Duncan Perry was following Bailey round the room, like a dog at a master’s heels, three steps behind with a kind of urgent dignity, not quite plucking at his sleeve or tripping over his shoes, but almost. Bailey had noticed that Duncan smelled slightly of drink, not enough to cause offence or even be noticed by anyone less observant, and not enough to impair his performance. Only the residue of lunchtime or early evening when Duncan would seek the solace of a pub as soon as possible after darkness. Already they seemed to be swimming in the middle of the night, an impression extended by the dozing evacuees, but the hour was early, no more than seven in the evening, black as pitch. The winter solstice, mid December, drawing everyone away from the moon and into despair. Bailey no longer believed such thoughts were fanciful. His mouth was downturned, his spirits
too: he wanted away from the irritation of Duncan’s presence, a man with less to recommend him than many of the others who came looking, mildly worried, for their grannies.
‘Sir,’ Duncan was saying insistently, the way he did whenever Bailey paused. ‘Sir, I can’t find them anywhere. I thought she might come to me when they all had to get out: they had time to phone and make arrangements after all, why didn’t she come to me?’
‘Look, Duncan, she could have gone anywhere. Friends, relatives, anywhere. We don’t know where half the people have gone.’
‘She hasn’t gone to her relatives. There’s only her mother and she doesn’t get on with her mother.

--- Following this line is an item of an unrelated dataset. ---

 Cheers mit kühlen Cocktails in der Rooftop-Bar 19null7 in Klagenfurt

She goes to her sister, but she didn’t, I rang. I know. I want to go and see if she’s still in the flat.’
‘Don’t be silly. We’ve moved all the uniform to the edge of the area. This bloody thing is for real. Why the hell would she stay?’
‘I don’t know,’ Duncan mumbled.
‘No, neither do I,’ said Bailey briskly. ‘I should go home. She may be trying to ring you. They won’t let you anywhere near, so don’t try. Go home, man, where you might actually be useful.’

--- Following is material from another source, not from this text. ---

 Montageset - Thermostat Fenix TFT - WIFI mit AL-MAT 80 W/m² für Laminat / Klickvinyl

Duncan gave him a look such as a man might give to one who had betrayed him, a look expressing plea and contempt.
‘That’s my woman you’re talking about.’
‘I wasn’t talking about her, not as such.’ Bailey’s irritation took the form of pedantry. ‘Listen, I’ll go out there in a little while and look. Where’s Tom?’
‘That’s what I’ve been saying. No Tom either. Tom would have been coming home from school …’ The light of hope appeared in Duncan’s eyes as he talked more to himself than his audience. ‘Oh, I get it now. Kim would have gone to meet him, so they would never have got back into the flat, the timing … She must have gone off with someone else from the Parade. They would have been coming back just as everyone was leaving.’ The anorak slipped further off one shoulder. ‘I wish she’d phoned, though. Might’ve known I’d worry. Women. I phoned that bloody flat of hers, to make sure she’d gone, but there was no reply.’ The smile which broke through on to his face illuminated his features into something human, even likeable. For one brief moment, seeing the mischief behind the smile, Bailey could understand why a woman might once have adored him.